I elected not to give him the painful death I usually strived for. Most of the time it was my personal agony that enraged me to end people like him brutally, but all he was guilty of was being a bystander - a cowardly witness. I made a list of reasons why showing compassion for this man’s death was a good idea and at the top of the list was the beautiful girl who got hurt that day, but even through her trauma she wouldn’t want me to hurt him. He wasn’t the one who stabbed her.

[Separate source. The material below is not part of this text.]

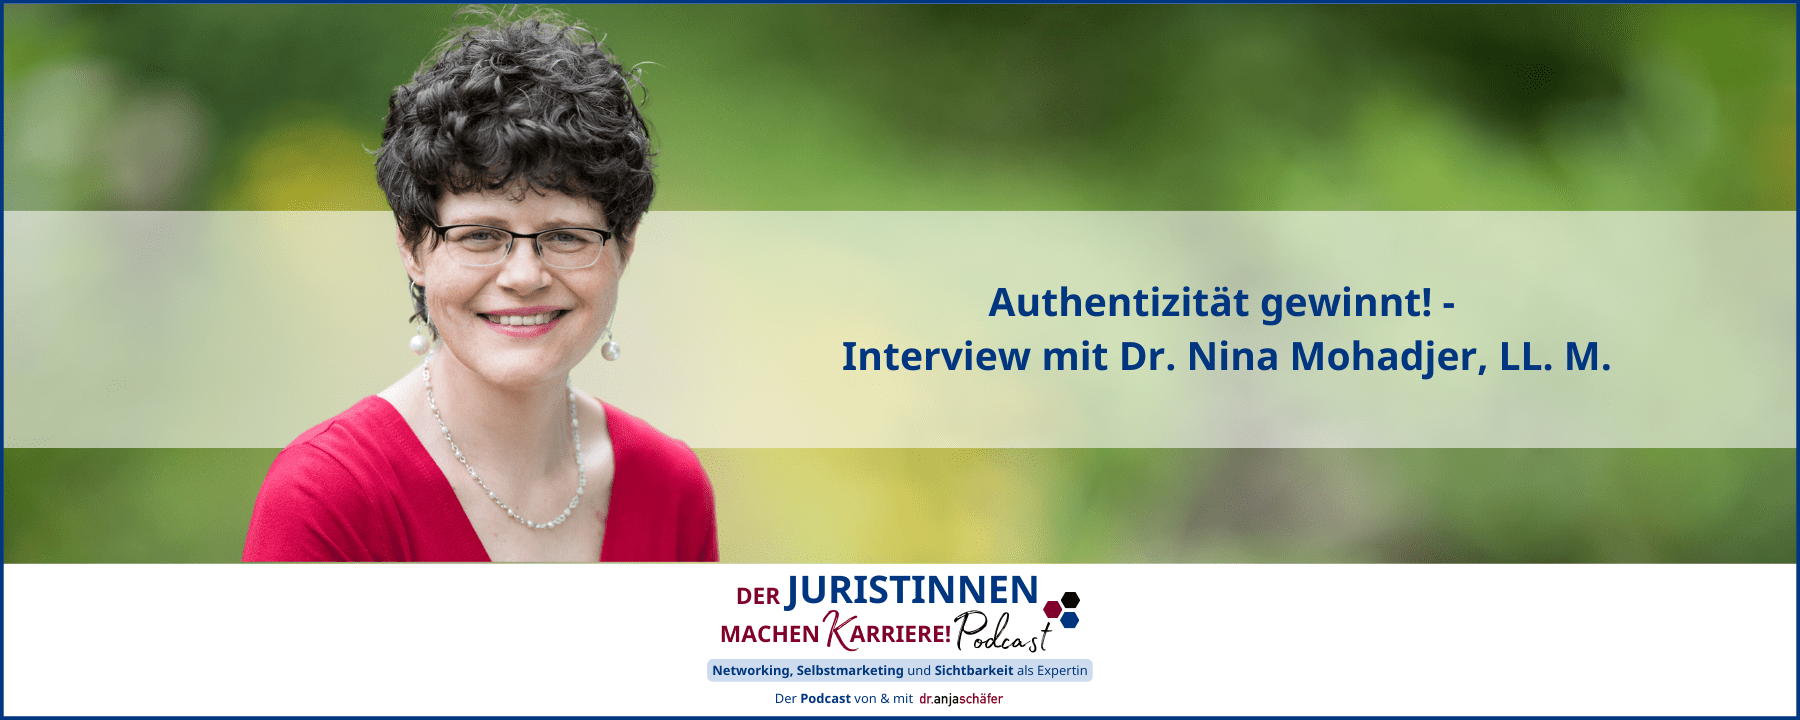 Authentizität gewinnt! - Interview mit Dr. Nina Mohadjer, LL. M.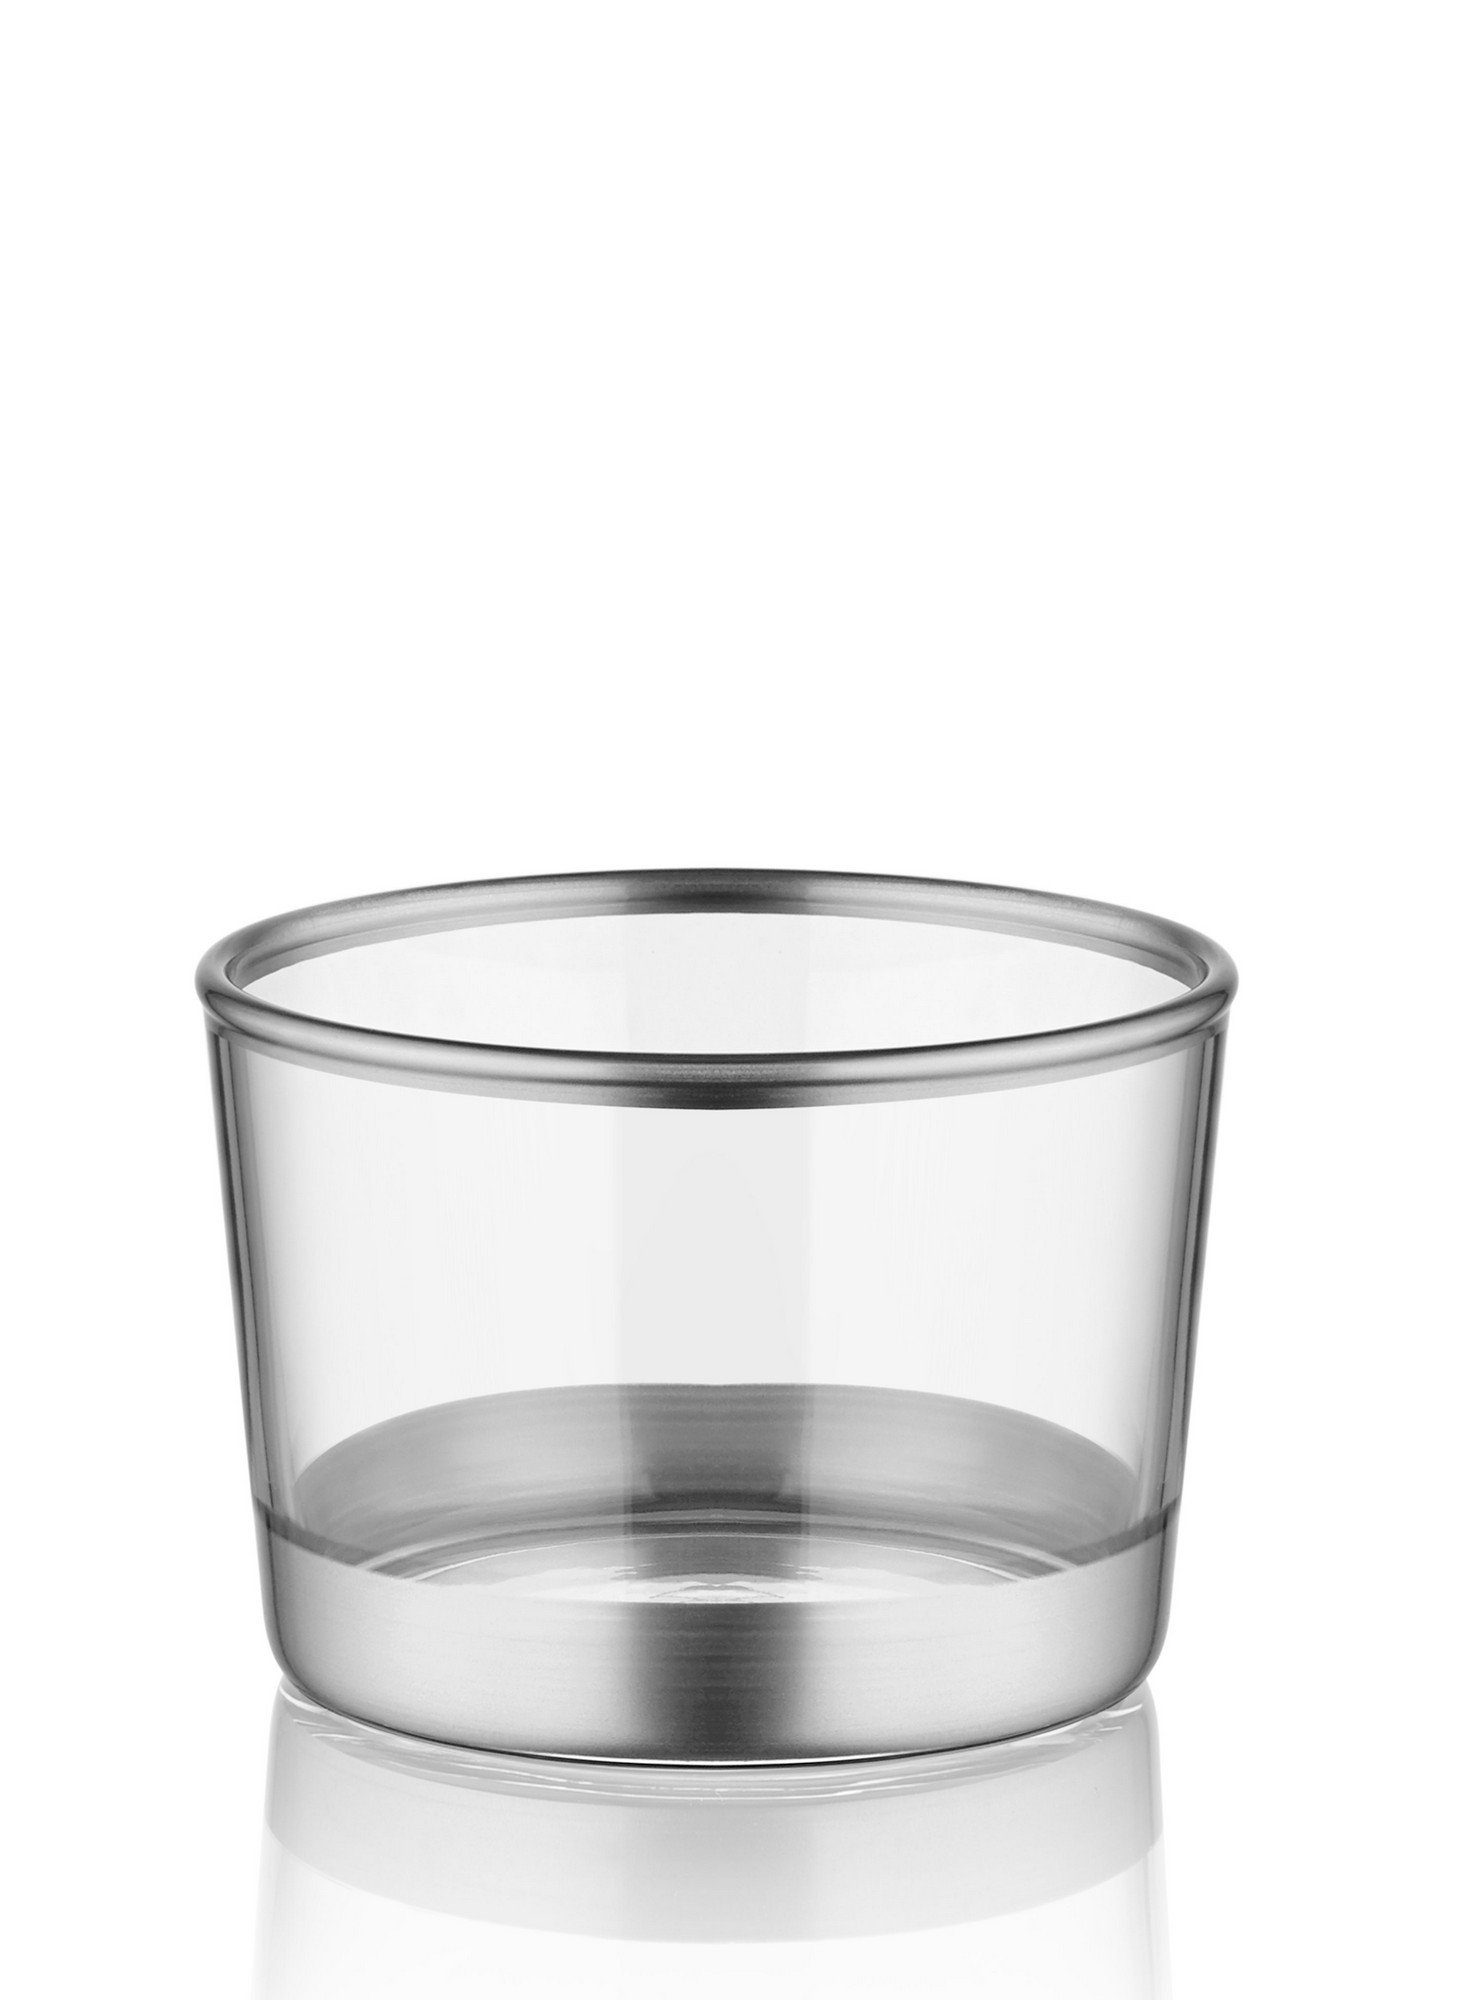 TMA4725, 100% Silber, Schüssel Glas Schüsseln, Hermia Concept

I took the pillow and held it tightly to his face as his instincts kicked in and he tried to fight me. I held him down and let his body thrash and flail until his arms fell, and his body lay motionless. I waited until he lay there, completely immobile, for several minutes. Almost as if I wanted to keep out the angels trying to take his soul to Heaven and leaving an opening for the demons to carry him off to hell. Minutes later, I took the pillow from his face and looked down at the man who was now with the Reaper and on his way to an eternity of torture.

It wasn’t enough.

Flashbacks from that night flickered in my head as rage consumed me. I stared into his eyes and remembered what he saw that night. I lost my calm demeanor as my heart raced, and a furious need for revenge consumed me. Because of my compassion, he would never suffer for what happened and would never feel the loss I felt from that night. Once again, he was a coward and drifted off where he didn’t have to feel pain.

I took my blade and started stabbing him. Nine times in the heart for the nine stitches it took to close the president’s daughter up that night.